**Data shown:**
== == ==

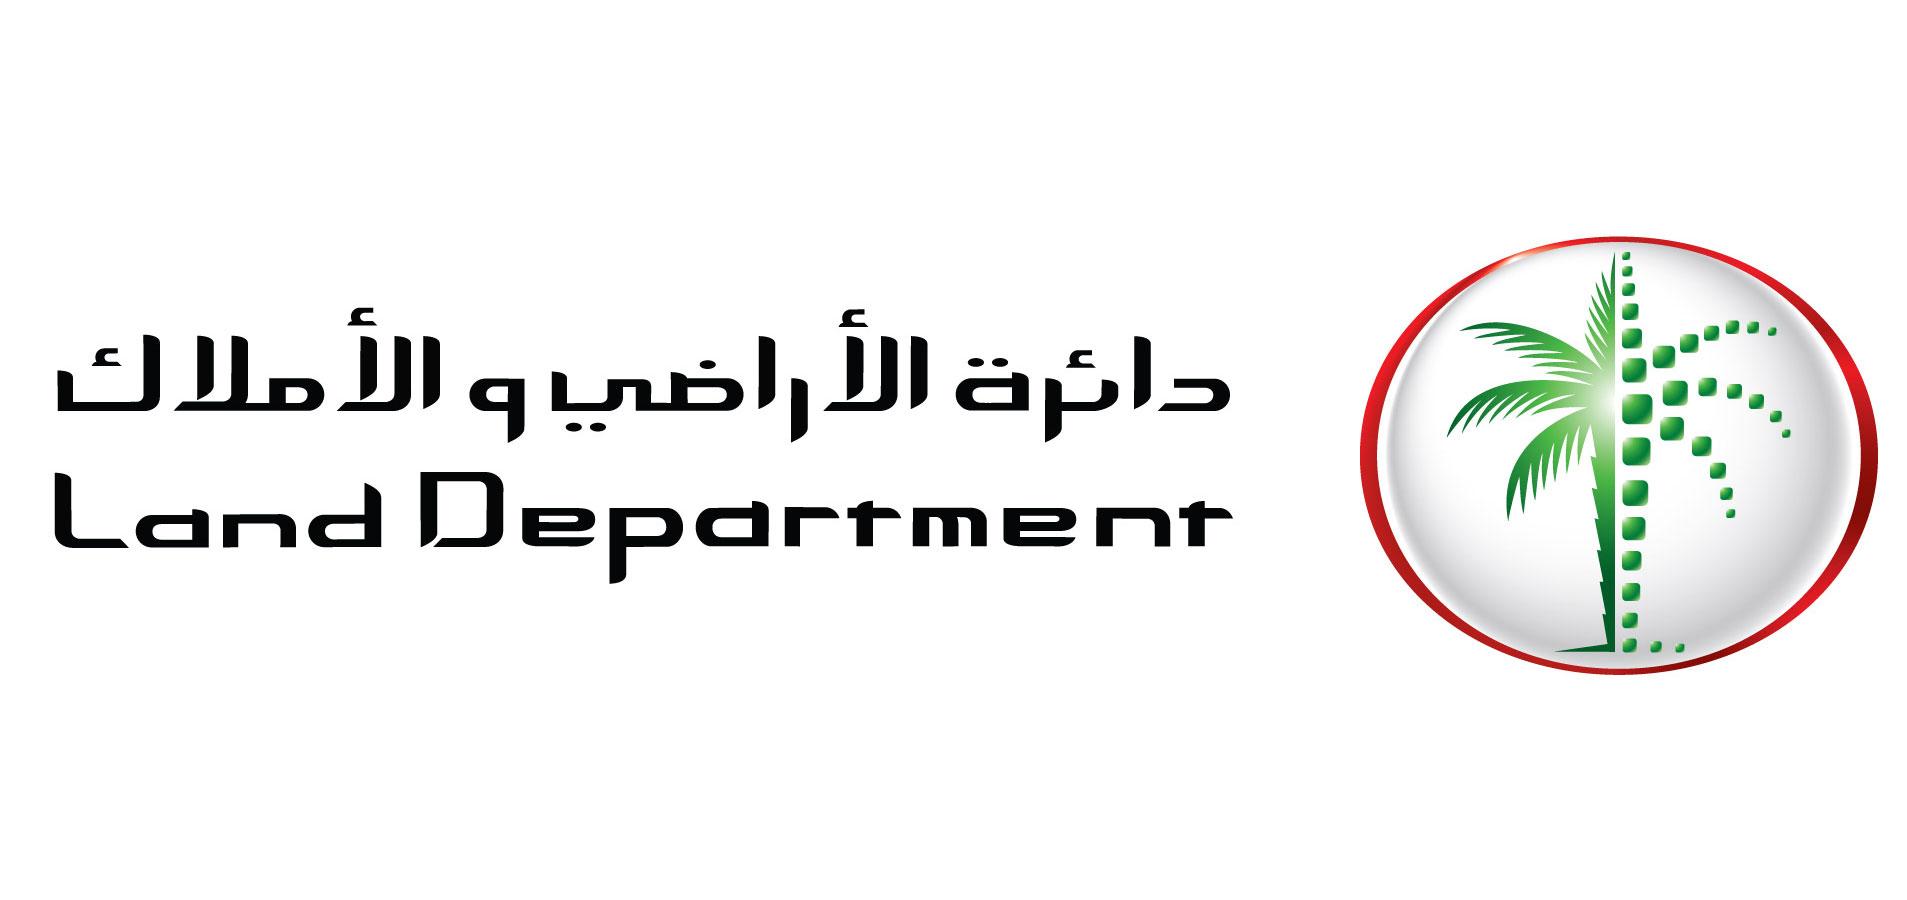 Dubai Land Department introduces remote property registration system
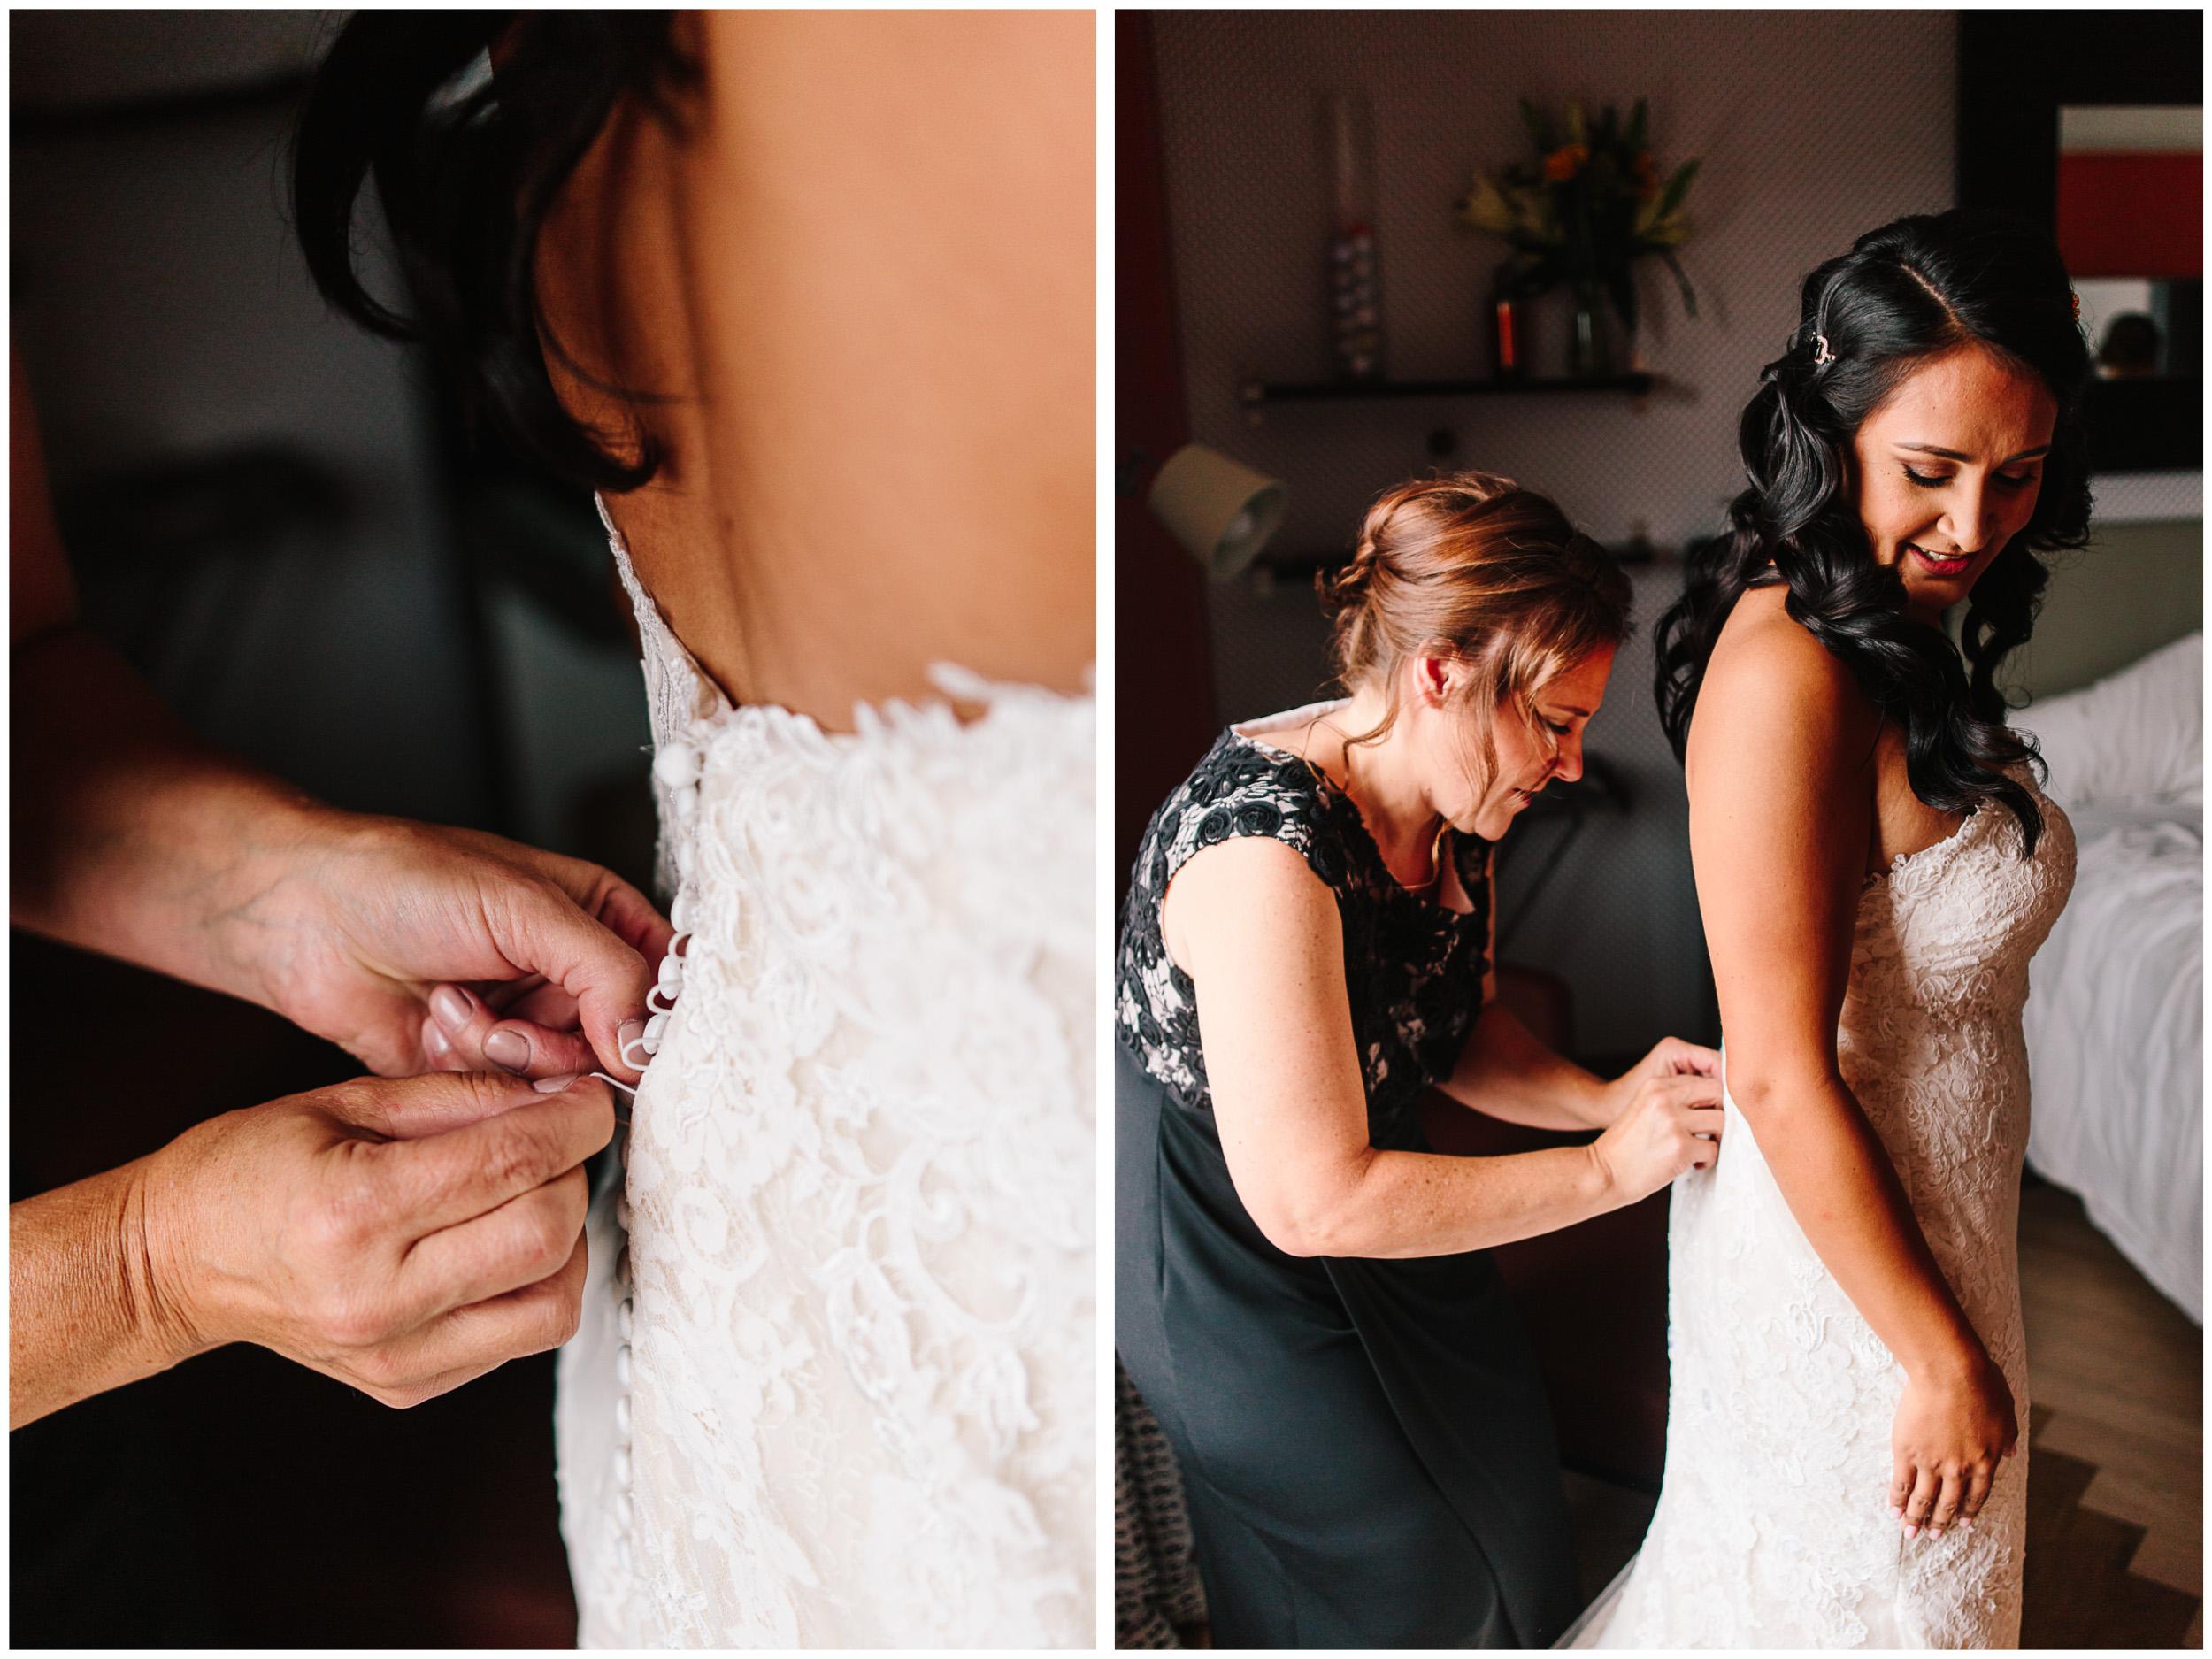 moss_denver_wedding_10.jpg
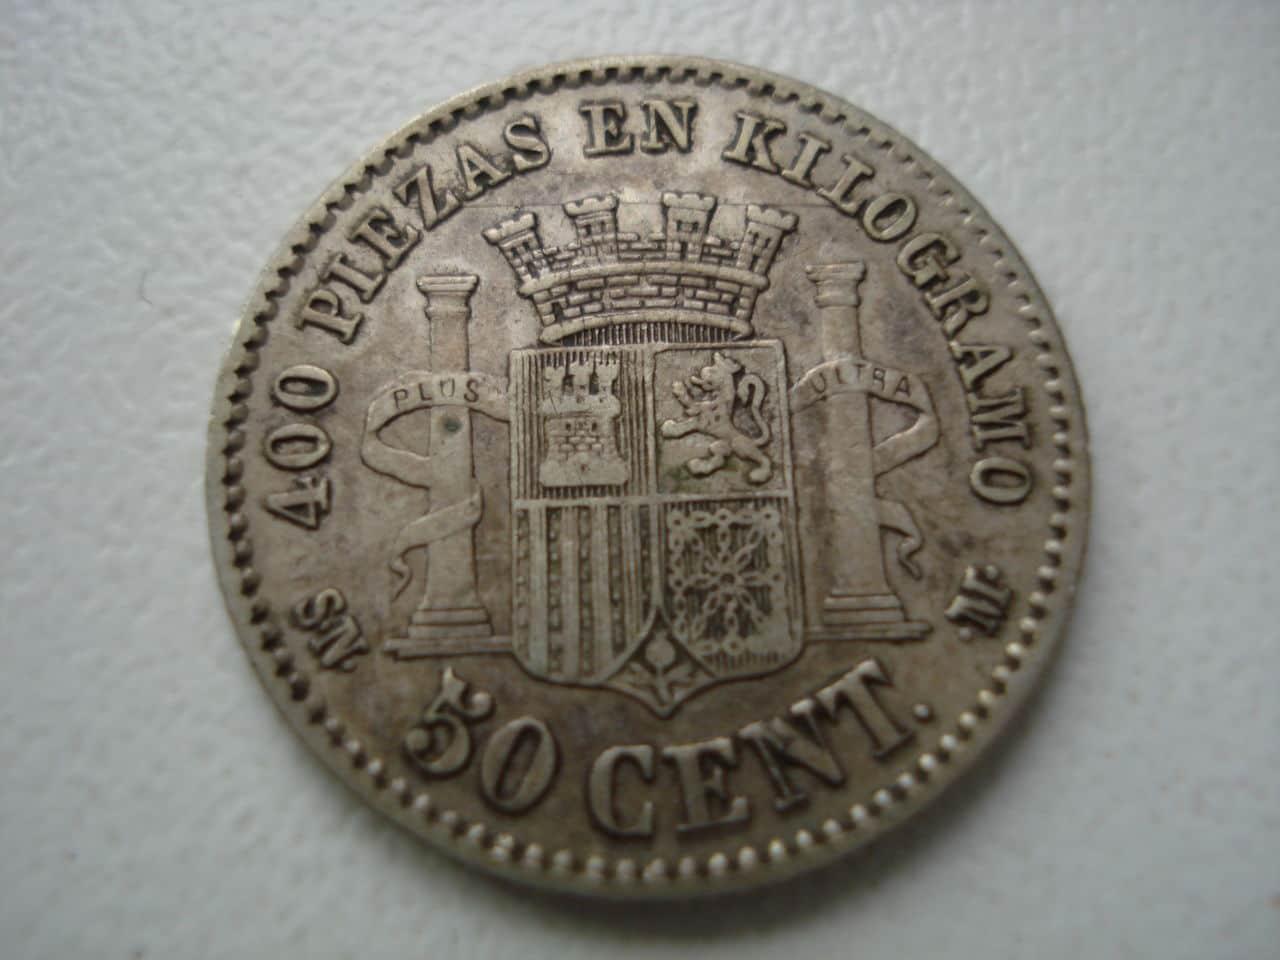 50 céntimos 1869. Gobierno Provisional. Monadas2_005

== == ==

**Task directions:** Your task is to repeat the data above exactly while excluding the pictures.

**Exercise answer:**
 Dubai Land Department introduces remote property registration system
 moss_denver_wedding_10.jpg
 50 céntimos 1869. Gobierno Provisional. Monadas2_005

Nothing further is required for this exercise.